Look, I honestly enjoy low-budget and no-budget films, since that's where the core essence of the craft of filmmaking is found. I think about folks like Sam Raimi, Don Coscarelli, and Daniel Myrick and Eduardo Sanchez and am amazed at what these folks were able to achieve on shoestring budgets. Then I look at this distilled dreck, written and directed by Jim Stramel, and wonder why he even bothered. Other filmmakers have proven time again that you don't need (or necessarily want) major studio backing to bring forth a picture that will have folks talking for a long time to come. Many of these filmmakers started with nothing, made some little films of their own as learning tools, and then kept those stuffed away because they were the equivalent of diner napkin doodles. Stramel, however, thinks his doodles are of interest to others; they're not. Y'see, many of these kinds of doodles can be worthwhile, but only if they're transposed to proper drawing materials, refined, detailed, and brought to life. Stramel actually has something of potential here but, rather than tidy up his initial scrawling, he chooses instead to quickly tape his scribbling on a decrepit public restroom wall and hope someone will call it art. Nope—the leading "f" is missing from this "art." It's mighty stanky, too.

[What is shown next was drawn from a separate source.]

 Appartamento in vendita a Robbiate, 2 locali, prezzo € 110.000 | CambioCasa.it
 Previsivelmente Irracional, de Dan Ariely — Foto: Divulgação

It appears that writer/director Stramel attempted to lay out a raw, edgy, and unafraid effort that would be heap full of cold-blooded vigilantes, foul-mouthed morals, and lotsa bloody shootouts. Unfortunately, it seems the pocket lint he was able to dig deep from his pockets just wasn't near enough to realize his "vision." All we get, then, is just about all you might expect for the deep-pocket hubris available: a poorly shot, barely audible, rottenly acted waste of film. I'm sorry to say that—remember, I really do enjoy low-budget creativity—but the facts is the facts, ladies and genteel men.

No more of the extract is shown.